Eine der Lehrerinnen schickte dem Theater am nächsten Tag einen wütenden Brief: "Ich glaube, diese Reaktion [des Schauspielers] ist überzogen und unangemessen. Während des Schauspiels hat niemand sich bei uns beschwert." Aber andere Lehrerinnen schämten sich für ihre Schüler. Die meisten Schüler waren entsetzt und gingen mit hängenden Köpfen nach Hause, aber es gab auch einige, die anders reagierten: "Es war uns langweilig." "Was ist denn das Problem?" "Das war doch lustig!" "Es war nicht wilder als in jeder anderen Theateraufführung. Jetzt schlagen alle Lärm, weil es Jom Hashoa war, und im Kameri-Theater."

Sobols Reaktion:

"….Jeder einzelne Zuschauer im Theater besitzt mehr Kraft als alles, was auf der Bühne geschieht, denn hier auf der Bühne spinnen die Schauspieler eine Realität aus dünnen Fäden von Spiel und Wörtern, und es gibt keine zerbrechlichere Realität als diese.

Die Zuschauer, die ins Theater kommen, drücken ihr kulturelles Niveau und ihre moralischen Werte dadurch aus, wie sie sich den Schauspielern gegenüber verhalten. Wer die Fratze aufgerissen hat, sind Menschen, die gelernt haben, den Schwächeren zu treten und seine Würde ohne Grenzen zu misshandeln. Es ist kein Wunder, dass sie sich mit dem Nazi-Offizier identifizierten, der die Macht darstellt, und mit dem jüdischen Henker, der ihm dient, und sie dazu anfeuerten, die schwachen Ghettobewohner zu ermorden."

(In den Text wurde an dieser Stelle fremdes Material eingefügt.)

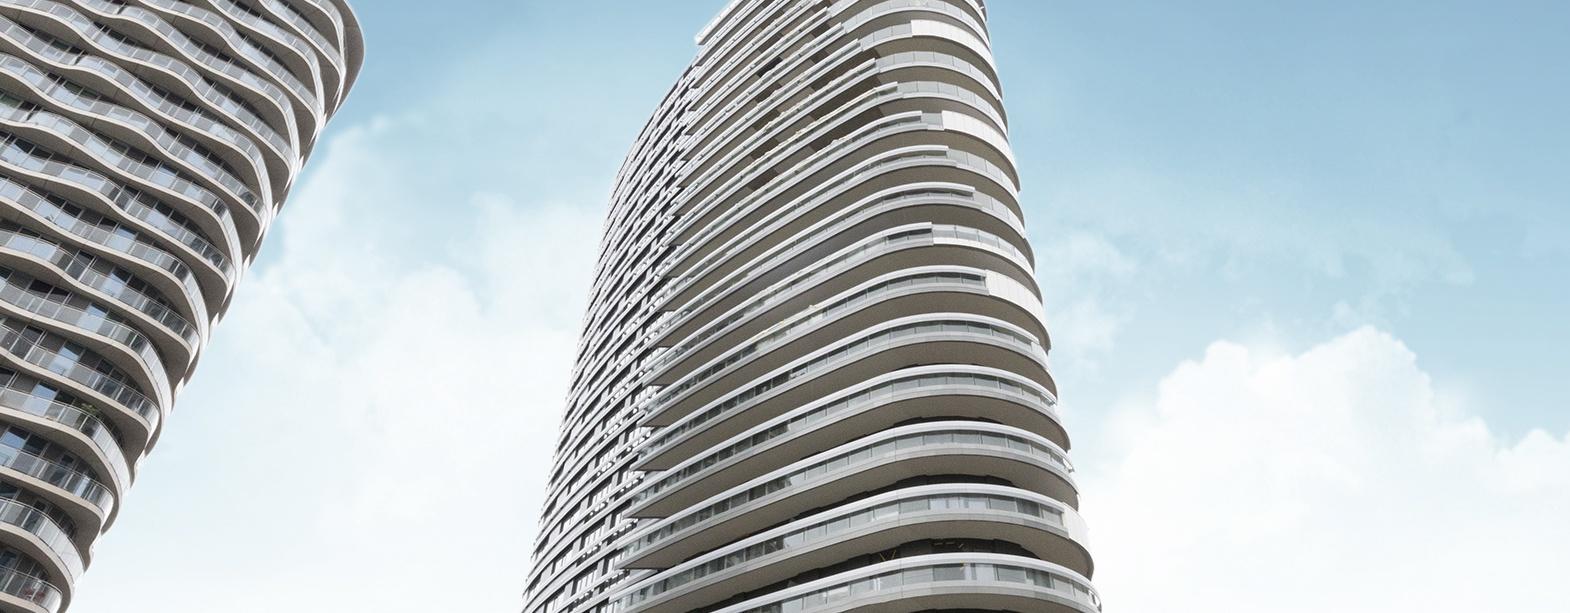 Gateway Tower image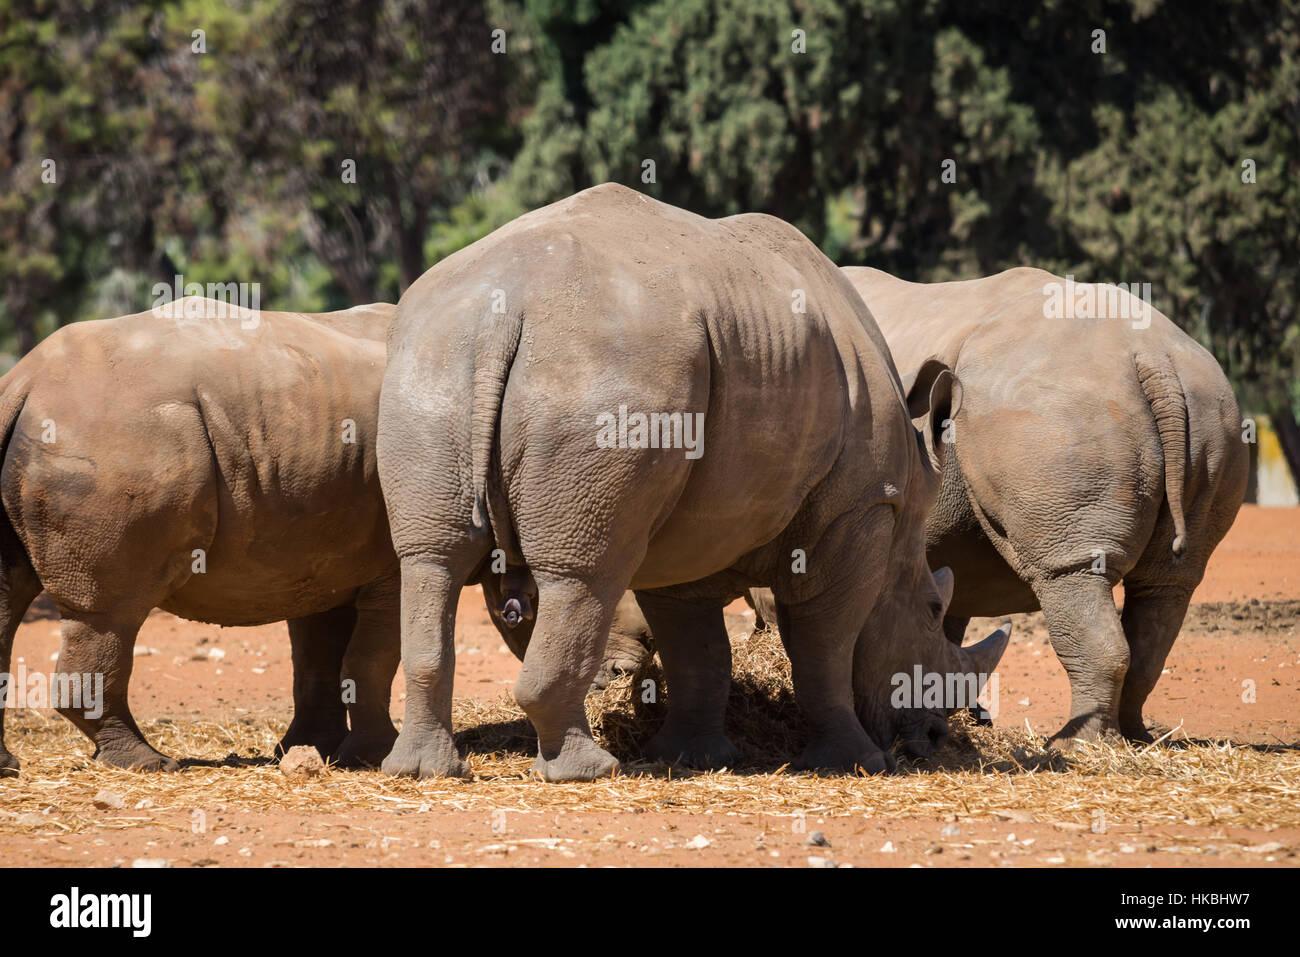 Visit to Safari Ramat Gan, Israel - Stock Image

Vor zehn Jahren hat der israelische Militärjournalist Amir Oren aus einer internen Offizierskonferenz berichtet. Einer der Offiziere sagte:

“Um uns gut auf die folgende Schlacht vorzubereiten, ist es gerechtfertigt und sogar nötig, von jeder Quelle zu lernen. Wenn das Ziel die Eroberung eines dicht bevölkerten Flüchtlingslager ist, oder der Kassba von Nablus, und die Pflicht des Kommandanten die Erfüllung dieses Ziels ohne Opfer, dann muss er zuerst Konsequenzen früherer Schlachten analysieren und sich einverleiben; auch – so grausam sich dies auch anhören mag – wie die deutsche Wehrmacht im Warschauer Ghetto agierte.”
https://abumidian.wordpress.com/deutsch/haimhanegbi

Diese Jugendliche sind seine Kinder. Und wenn dann der israelische Erziehungsminister sich vor dem Kameritheater entschuldigt, dann übernimmt er zu Recht die Verantwortung für den Missstand des israelischen Erziehungssystems, aber können wir Lehrer (ich unterrichte schon 19 Jahre lang in verschiedenen israelischen Mittelschulen) tatsächlich etwas unternehmen?

Im Stück sagt der Bundist Hermann Kruk: "Der Faschismus versucht den Wert des Menschen zu negieren, bis der Mensch sich weniger vorkommt als ein Tier. Das einzige Ziel, das der Faschismus kennt, ist: Menschen in Tiere verwandeln und sie für seine Zwecke gebrauchen. Der Kampf gegen Faschismus muss damit anfangen, sich nicht wie ein Tier zu verhalten."